United States District Court, D. Kansas
Feb 1, 2008
Case No: 07-2255-DJW (D. Kan. Feb. 1, 2008)

Opinion

Case No: 07-2255-DJW.

February 1, 2008


MEMORANDUM AND ORDER


This is an action for declaratory, injunctive, and mandamus relief pursuant to the Federal Telecommunications Act of 1996 (the "TCA"). More specifically, Plaintiff alleges that Defendant's denial of Plaintiff's application for a conditional use permit to construct a wireless telecommunications facility violates the TCA in that (1) Defendant's denial fails to meet the "in writing" requirement of the TCA; and (2) Defendant's failed to base its denial upon substantial evidence, as required by the TCA. The parties have filed cross-motions for summary judgment addressing both of these issues.

As a preliminary matter, the Court finds that the June 28 letter summarizing the reasons why Commissioner Jones did not vote to approve the conditional use permit is insufficient to satisfy the "in writing" requirements of the TCA. This is because the June 28 letter was drafted and sent to Defendant's counsel by a member of the Douglas County Planning Staff and not by a member of the Douglas County Board of County Commissioners, the Defendant in this action. "The language of the TCA — `[a]ny decision by a State or local government . . . to deny a request . . . shall be in writing' — clearly presupposes that the body that makes the decision shall be the one to render it in writing." "It would undermine the ability of any court to adequately review that decision and address whether that decision was supported by substantial evidence, if the body that made the decision was not itself compelled to render its reasoning in writing." Because the "State or local government or instrumentality" that made the decision has not rendered it in writing, this Court finds that the requirements of § 332(c)(7)(B)(iii) have not been met.

Virginia Metronet, Inc. v.

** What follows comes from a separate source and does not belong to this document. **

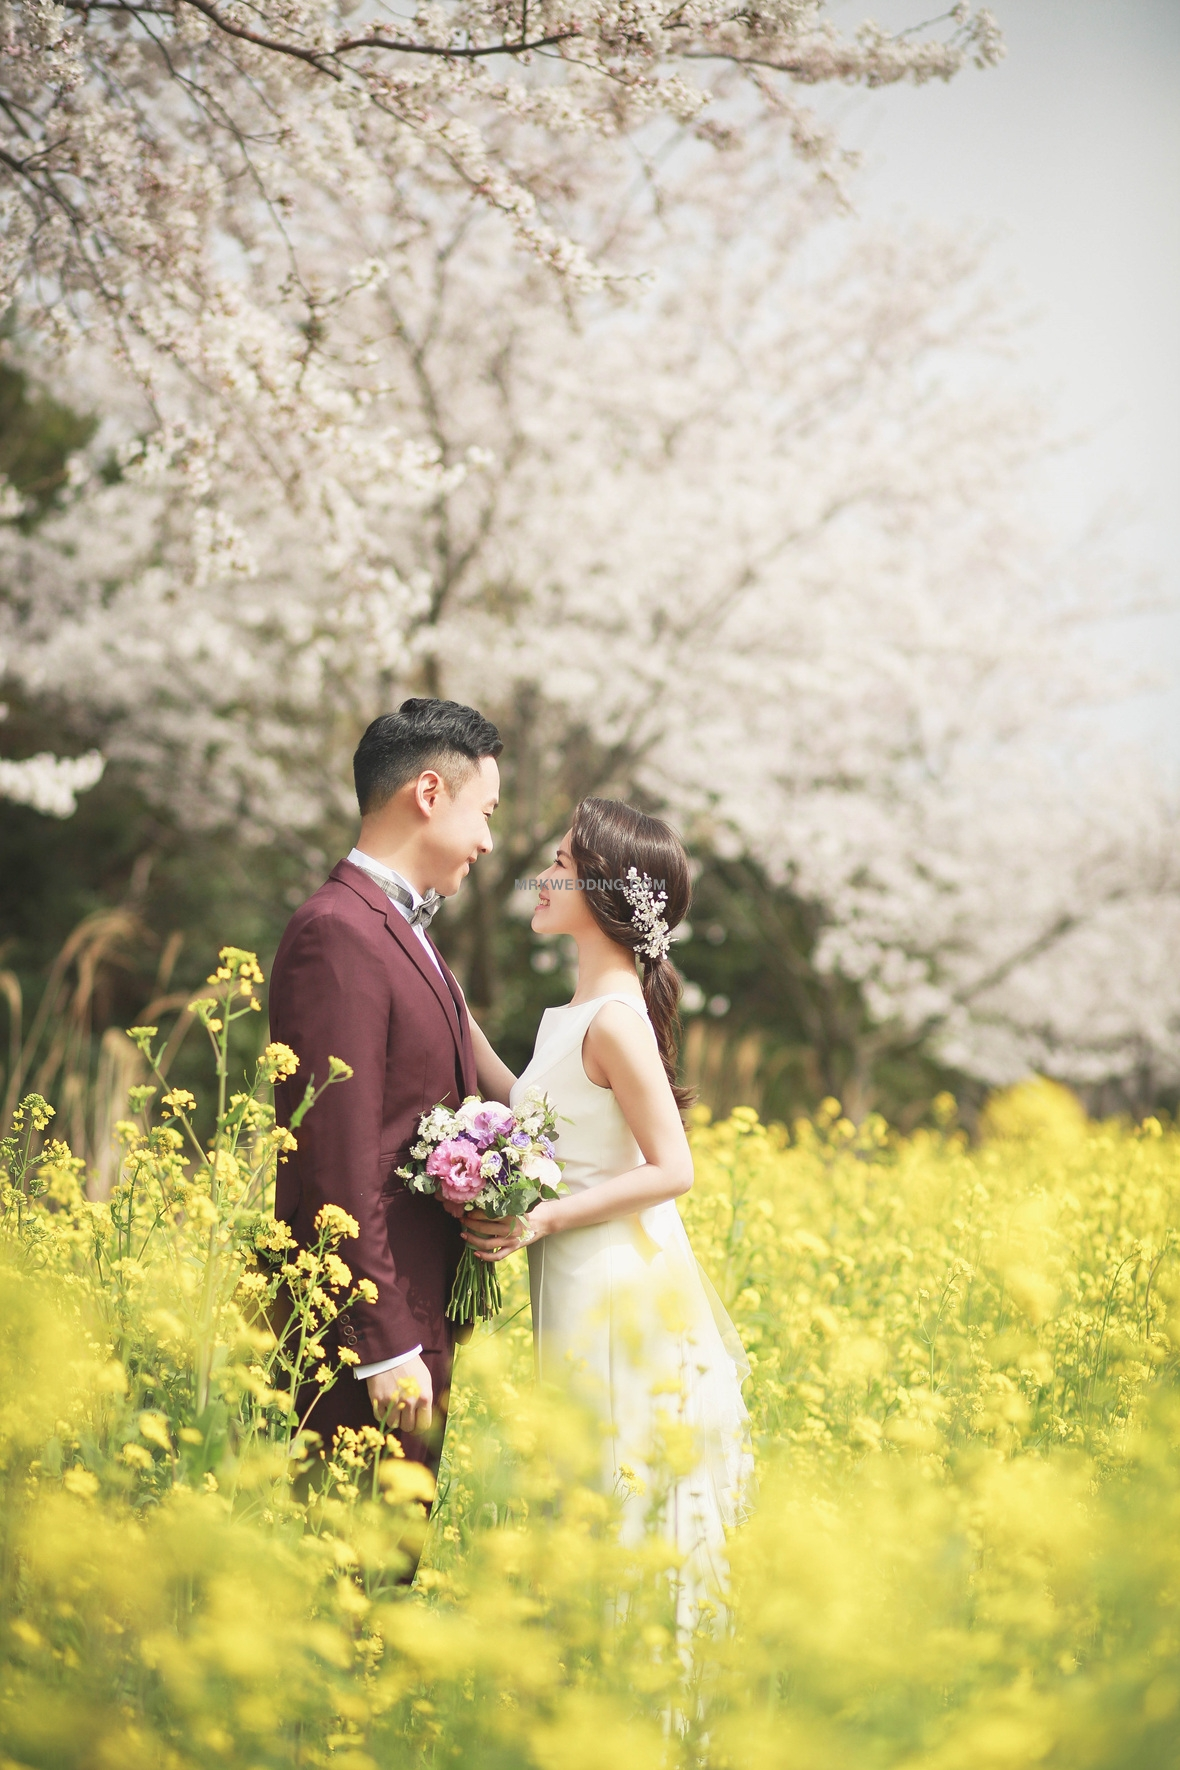 MrK Korea Wedding (25).jpg

The Board of Supervisors of James City County, Virginia, 984 F. Supp. 966, 972 (E.D. Va. 1998) (citing 47 U.S.C. § 332(c)(7)(B)(iii)).

Id.

Instead of summarily granting judgment in favor of Plaintiffs on this issue, however, the Court finds resolution of the case on its merits will further the interest of justice. Therefore, the Court will order Defendant to submit a separate written decision setting forth the reasons for denying Plaintiff's application.

See U.S. Cellular Corp. V. Board of Adjustment of City of Seminole, Oklahoma, 180 Fed. Appx. 791, 796, 2006 WL 1288596, *4 (10th Cir. May 11, 2006) (where Tenth Circuit referenced the following minute order entered by district court:

The Court finds that the Board violated the Telecommunications Act of 1996, by failing to set forth written findings of fact, based on substantial evidence contained in a written record, supporting its decision.
The Board shall have twenty (20) days, or until August 22, 2002, to provide such a written decision . . . after which the Court will perform an expedited review, as contemplated by the Act, of the merits.

Accordingly, it is hereby ordered that Defendant (the governing board of Douglas County, Kansas) shall have twenty days , or until February 21, 2008 , to provide (1) a written decision separate from the written record (2) describing the reasons for denying Plaintiff's application with (3) sufficient explanation to allow a reviewing court to evaluate whether there is evidence in the record to support the stated reasons. Upon receiving the written decision, the Court will perform an expedited review, as contemplated by the Act, of the merits.

IT IS SO ORDERED.


Summaries of

Verizon Wireless

United States District Court, D. Kansas
Feb 1, 2008
Case No: 07-2255-DJW (D. Kan. Feb. 1, 2008)
Case details for

Verizon Wireless

Case Details

Full title:VERIZON WIRELESS (VAW) LLC, Plaintiff, v. DOUGLAS COUNTY, KANSAS BOARD OF…

Court:United States District Court, D. Kansas

Date published: Feb 1, 2008

Citations

Case No: 07-2255-DJW (D. Kan. Feb. 1, 2008)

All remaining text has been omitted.